JP5064356B2 - Titanium alloy plate having high strength and excellent formability, and method for producing titanium alloy plate - Google Patents

Description

  The present invention relates to a titanium alloy plate excellent in strength and formability and a method for producing the titanium alloy plate.

  High strength α + β type titanium alloys represented by Ti-6Al-4V have various processing characteristics such as weldability, superplasticity and diffusion bonding properties in addition to lightweight, high strength and high corrosion resistance. Has been heavily used in the center. In order to further utilize these characteristics, in recent years it has come to be used for sports equipment such as golf equipment, such as consumer products such as automobile parts, civil engineering materials, various tools, Application to deep seas and energy development applications is also expanding. However, the remarkably high production cost of α + β type titanium alloy has hindered its application expansion, and in order to promote further application expansion to the field of consumer products, etc., without impairing the above-mentioned characteristics and An inexpensive titanium alloy is to be developed, and its development is awaited.

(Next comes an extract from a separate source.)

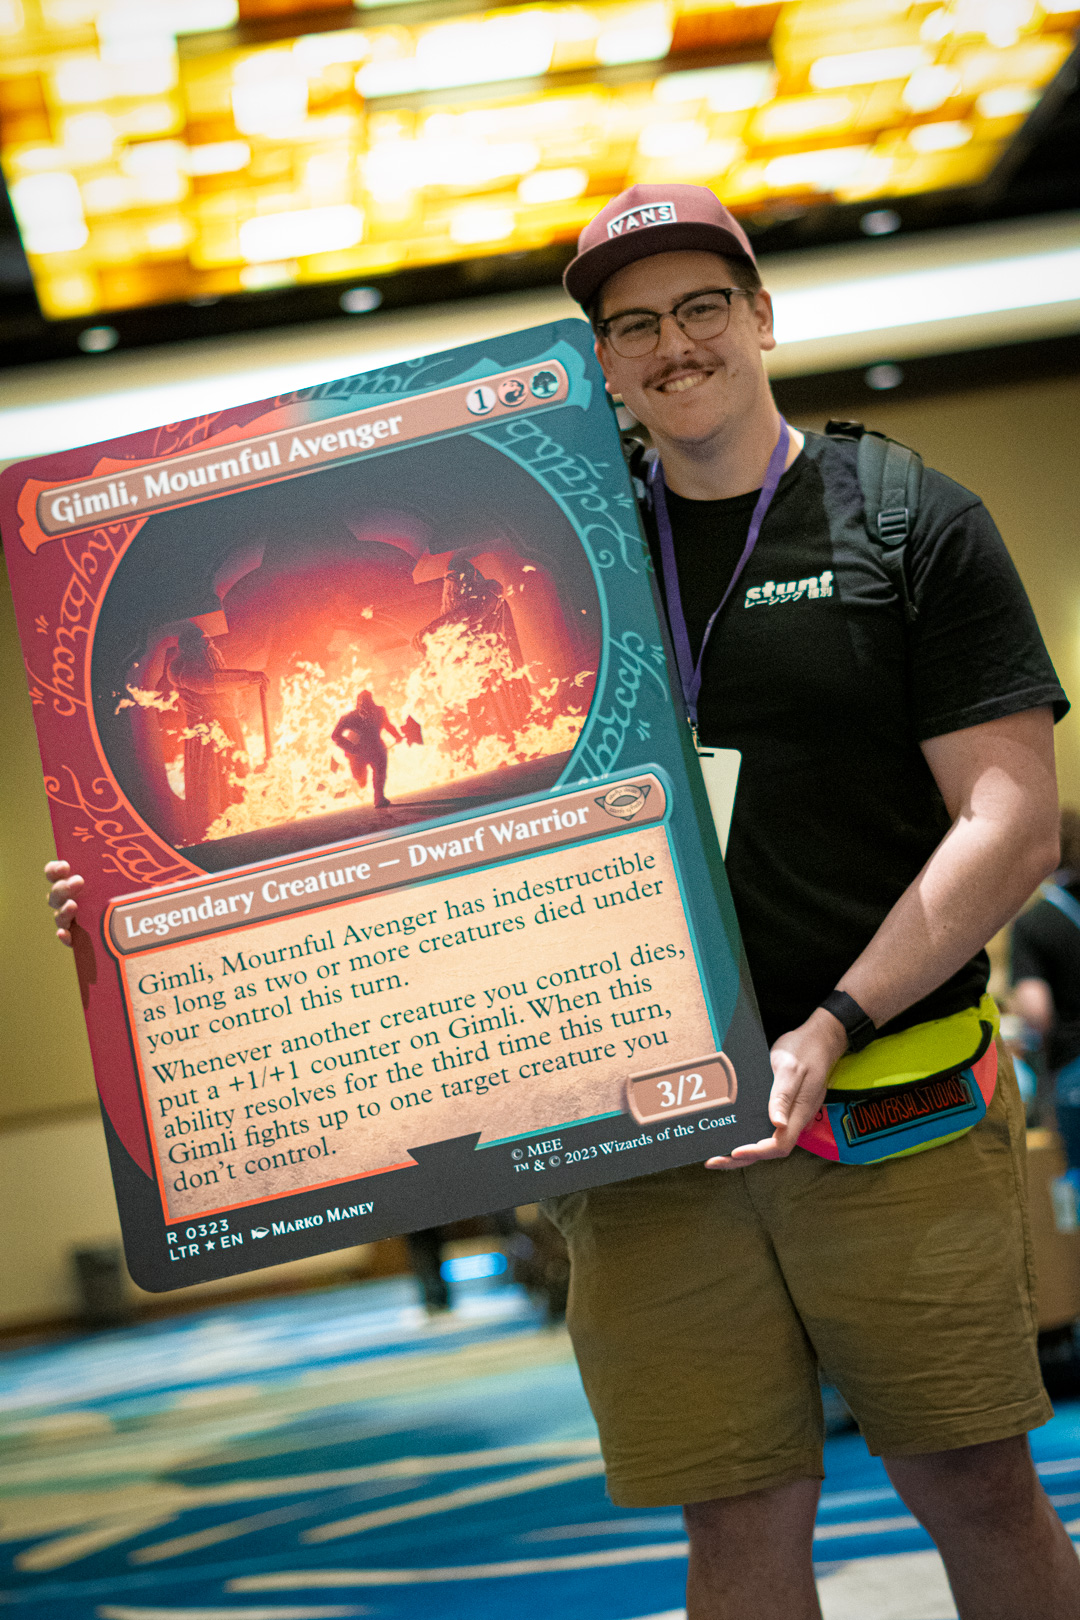 Player holding an oversized card of Gimli, Mournful Avenger

  The following two points can be cited as the reasons why the production cost of these high-strength α + β-type titanium alloys increases. Expensive β-phase stabilizing elements such as V are used. Al used as an α-phase stabilizing element remarkably increases hot deformation resistance and impairs hot workability, so that it is difficult to work and easily causes defects such as cracks. These are the above two points.

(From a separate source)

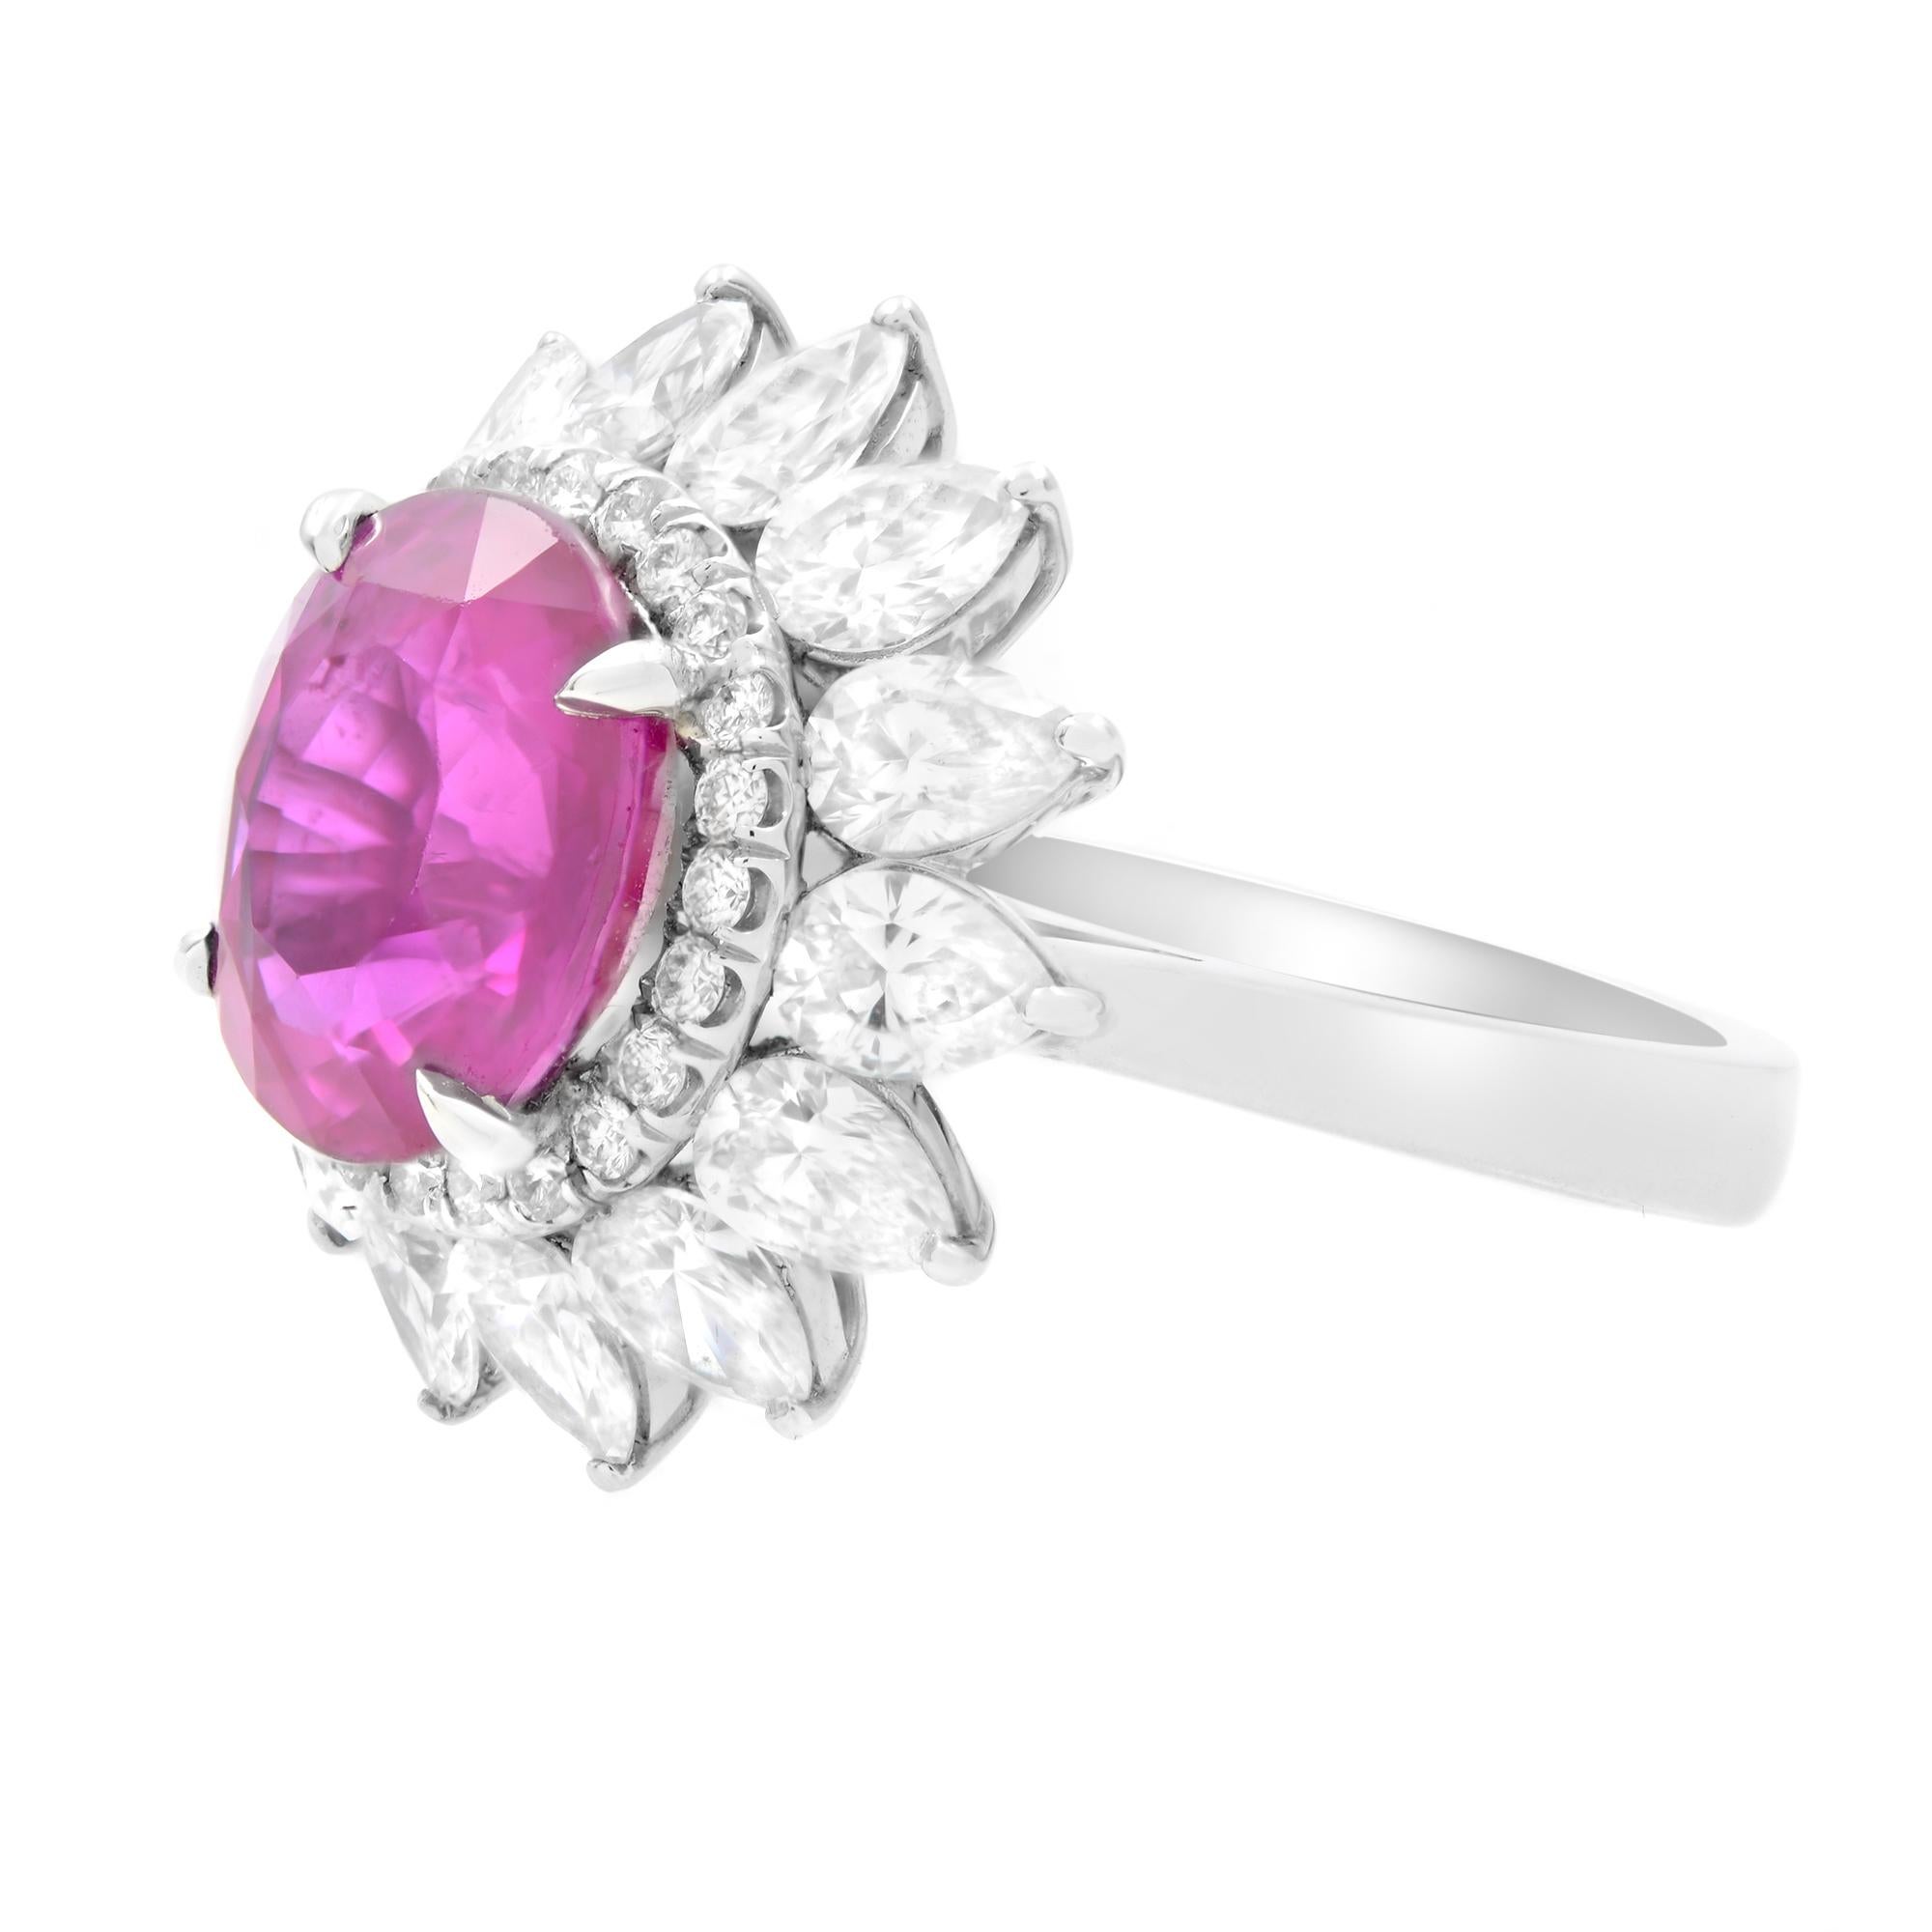 A luxurious platinum purplish pink oval sapphire diamond halo ring. Diamond halo over oval pink sapphire and more pear shaped diamond around the halo. Pink Sapphire weights, 4.47carat and diamonds are 2.40 carat. Diamond color F-G and VS clarity.

  In particular, the addition of Al is a major factor that increases the manufacturing cost when manufacturing the main product alloy plate, and requires reheating during rolling, or cracks at the end of the alloy plate. This has been a cause of problems such as a decrease in material yield.

  Under such circumstances, various low-cost titanium alloys have been proposed in recent years. Among them, Ti-Fe-O-N-based high-strength titanium alloys adopt inexpensive Fe as the β-phase stabilizing element, and replace Al as the α-phase stabilizing element, which reduces hot workability. Because of the use of cheap oxygen (O) and nitrogen (N) without impairing hot workability, considerable cost reduction is expected compared to conventional α + β type titanium alloys. .

  However, when this Ti—Fe—O—N-based high-strength titanium alloy is produced by normal unidirectional rolling, extreme in-plane material anisotropy occurs, and the rolling direction of the plate, that is, the lengthwise direction, Although it has excellent characteristics, it also has the problem that the ductility in the width direction becomes extremely poor.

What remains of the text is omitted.